2. Aux termes de l’article L. 2131-6 du code général des collectivités territoriales, auquel renvoie l’article L. 554-1 du code de justice administrative : « Le représentant de l'Etat dans le département défère au tribunal administratif les actes mentionnés à l'article L. 2131-2 qu'il estime contraires à la légalité dans les deux mois suivant leur transmission. / (…) / Le représentant de l'Etat peut assortir son recours d'une demande de suspension. Il est fait droit à cette demande si l'un des moyens invoqués paraît, en l'état de l'instruction, propre à créer un doute sérieux quant à la légalité de l'acte attaqué. Il est statué dans un délai d'un mois. / Jusqu'à ce que le président du tribunal administratif ou le magistrat délégué par lui ait statué, la demande de suspension en matière d'urbanisme, de marchés et de délégation de service public formulée par le représentant de l'Etat dans les dix jours à compter de la réception de l'acte entraîne la suspension de celui-ci. Au terme d'un délai d'un mois à compter de la réception, si le juge des référés n'a pas statué, l'acte redevient exécutoire. (…) »

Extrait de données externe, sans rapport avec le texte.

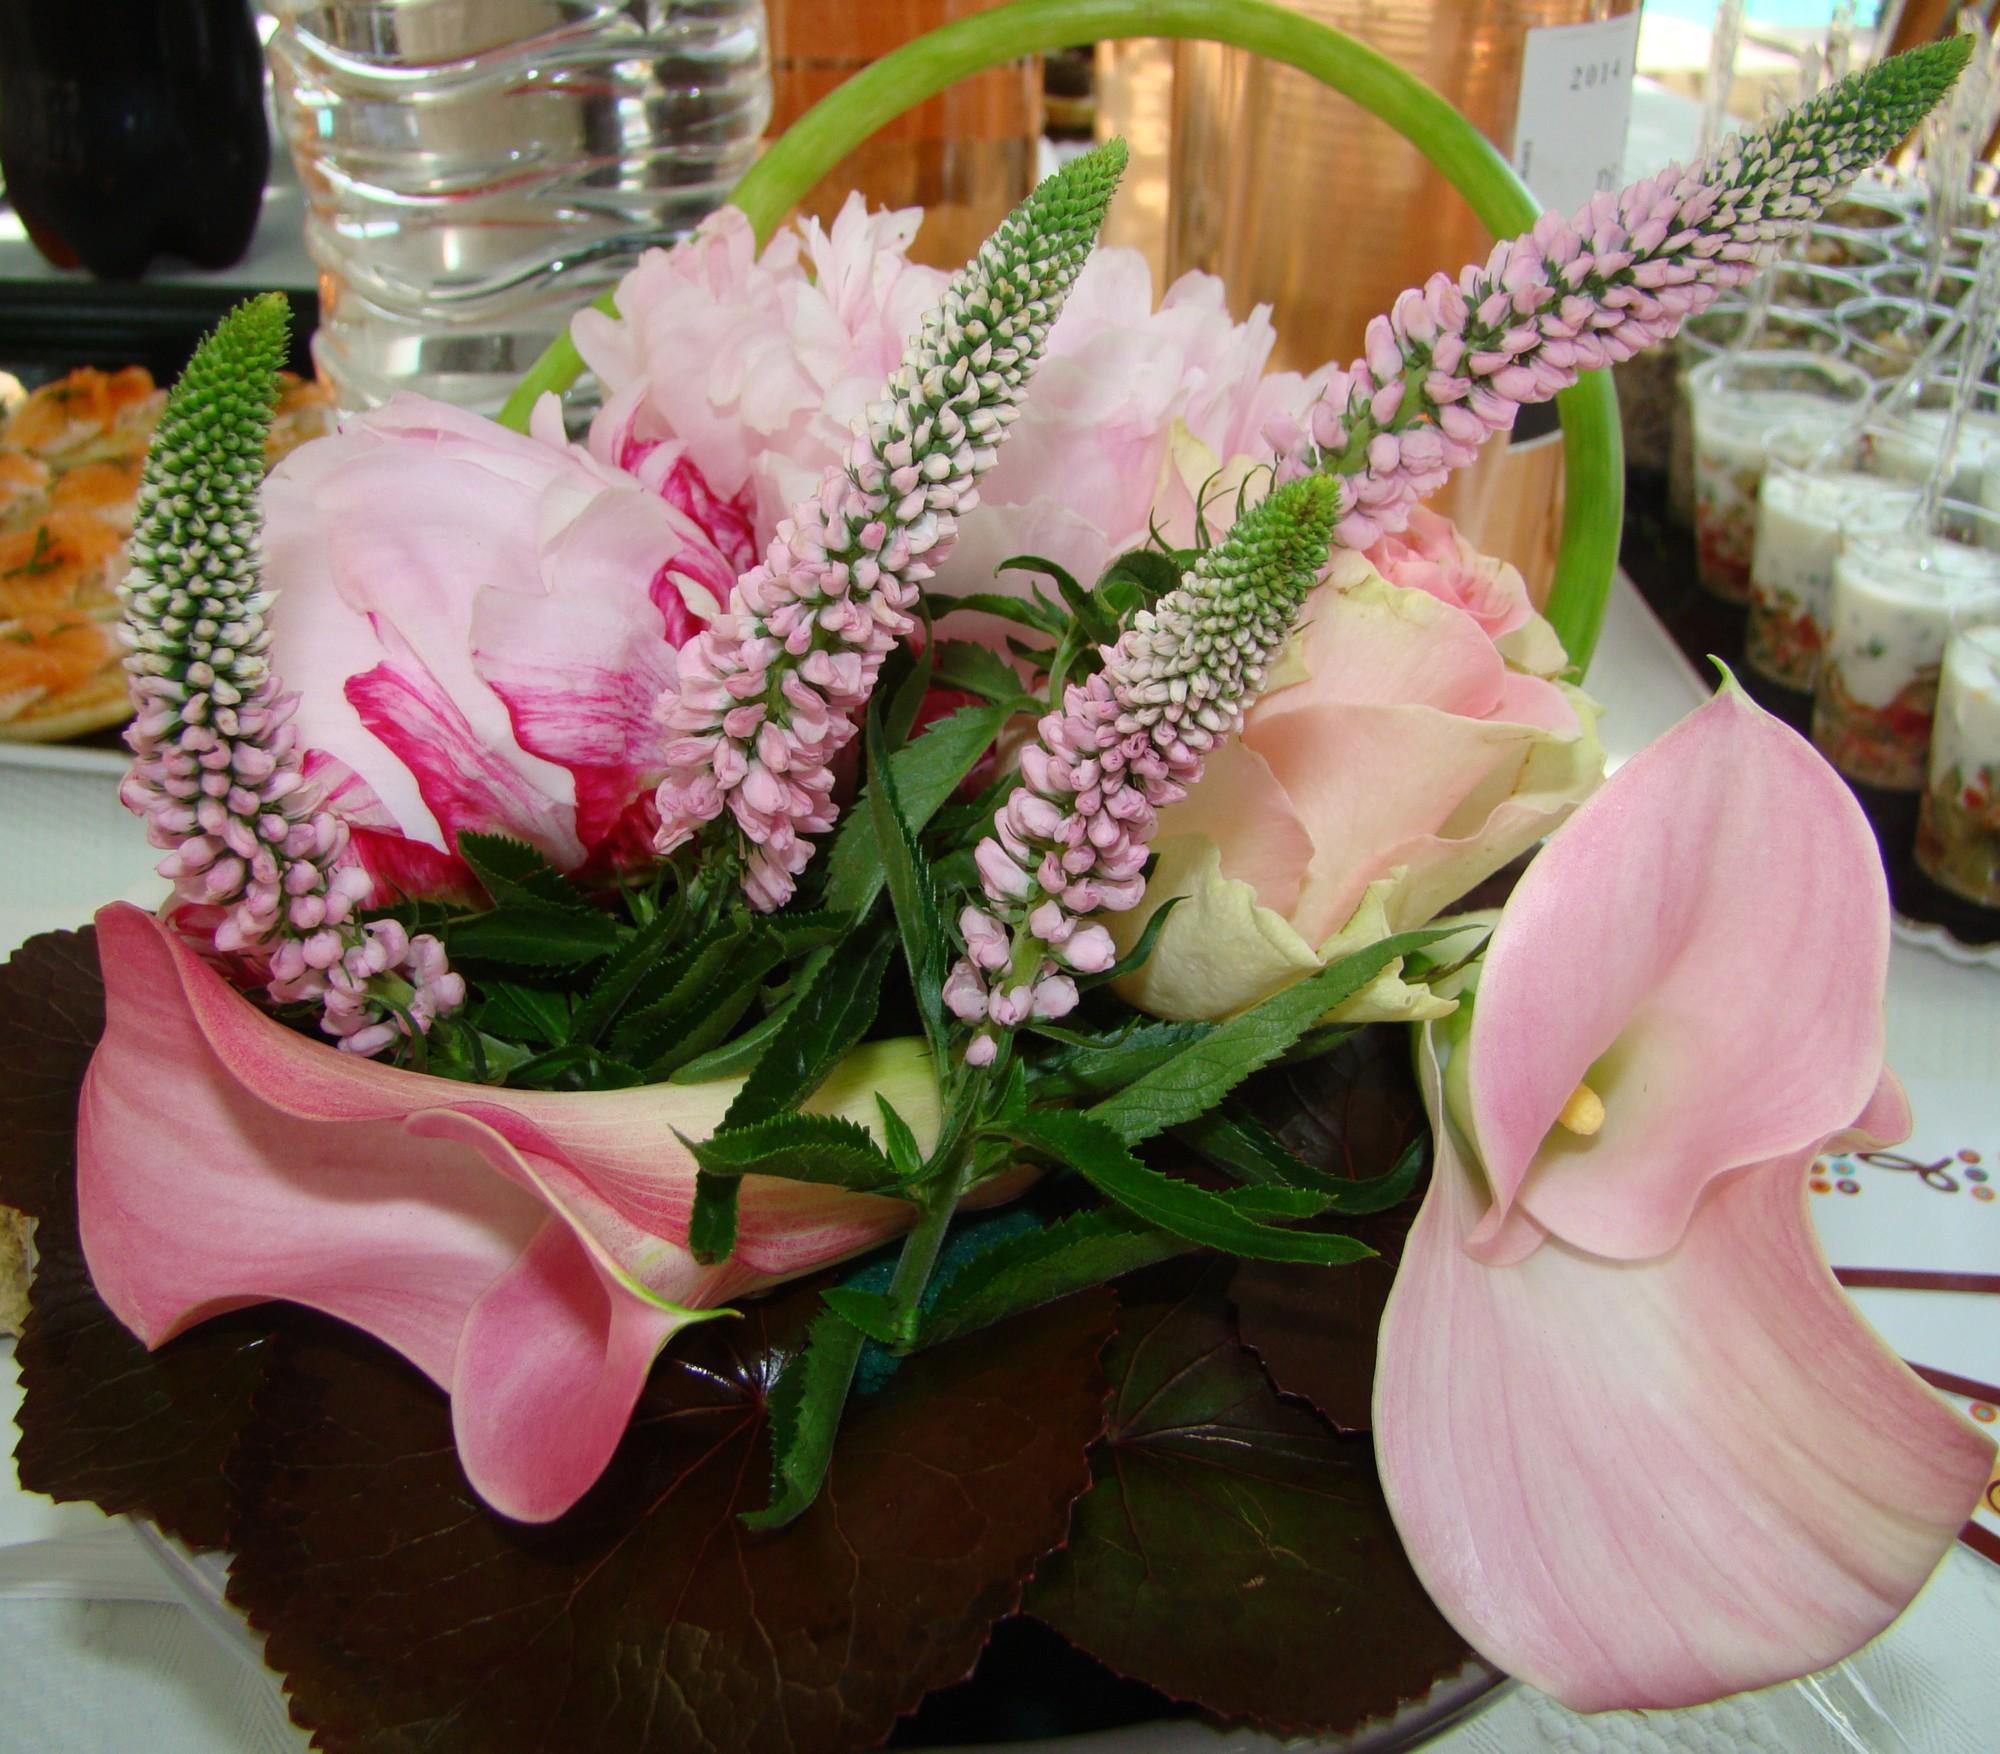 decoration-florale-buffet-dimitri-marseille

3. En l’état de l’instruction, le moyen soulevé par le préfet de la Corse, préfet de la Corse-du-Sud est de nature à faire naître un doute sérieux quant à la légalité de la décision attaquée. Il y a lieu, dans les circonstances de l’espèce, d’ordonner la suspension de l’exécution de l’arrêté du 28 octobre 2025 du maire de la commune de Sari-Solenzara.
ORDONNE :
Article 1er : L’exécution de l’arrêté du 28 octobre 2025 du maire de la commune de Sari-Solenzara est suspendue.
Article 2 : La présente ordonnance sera notifiée au préfet de la Corse, préfet de la Corse-du-Sud, à la commune de Sari-Solenzara et à la SASU Villa Cana d’Oro, représentée par M. B... A....

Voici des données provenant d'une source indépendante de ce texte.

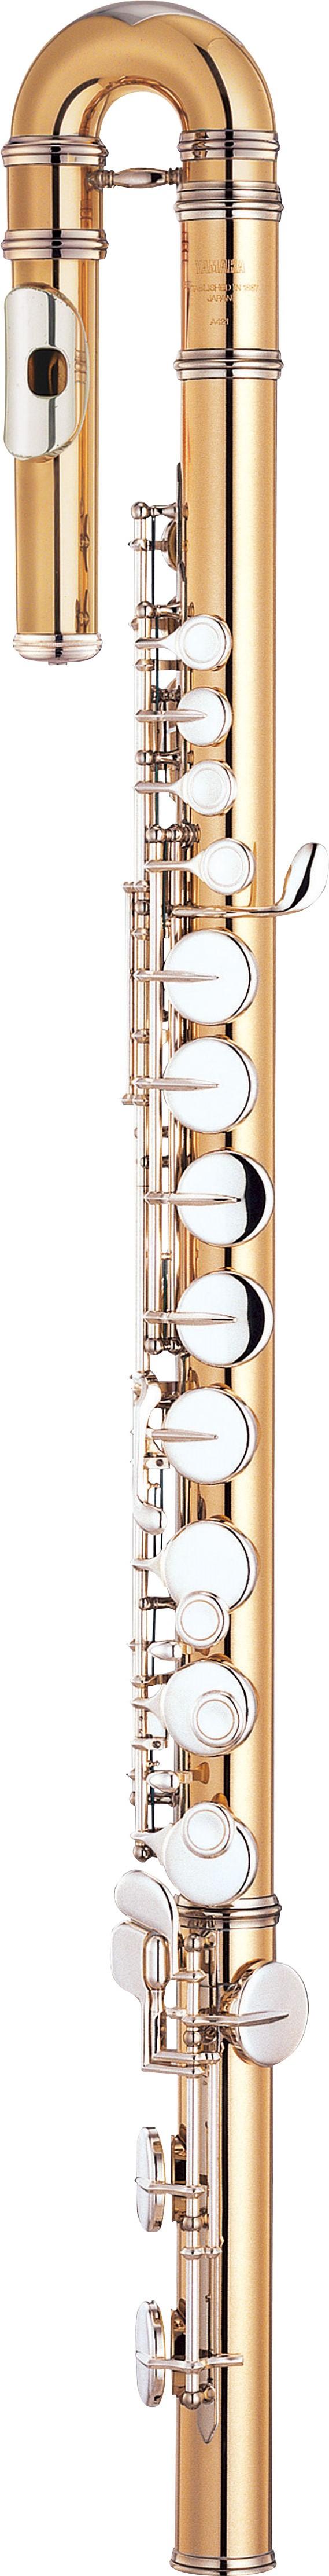 Yamaha - YFL-A-421-U-II - gebogen - Holzblasinstrumente - Alt-Flöten | MUSIK BERTRAM Deutschland Freiburg

Fait à Bastia, le 26 mars 2026.
La juge des référés, La greffière
signé signé
Baux R. Saffour
La République mande et ordonne au préfet de la Corse, préfet de la Corse-du-Sud, en ce qui le concerne ou à tous commissaires de justice à ce requis en ce qui concerne les voies de droit commun contre les parties privées, de pourvoir à l'exécution de la présente décision.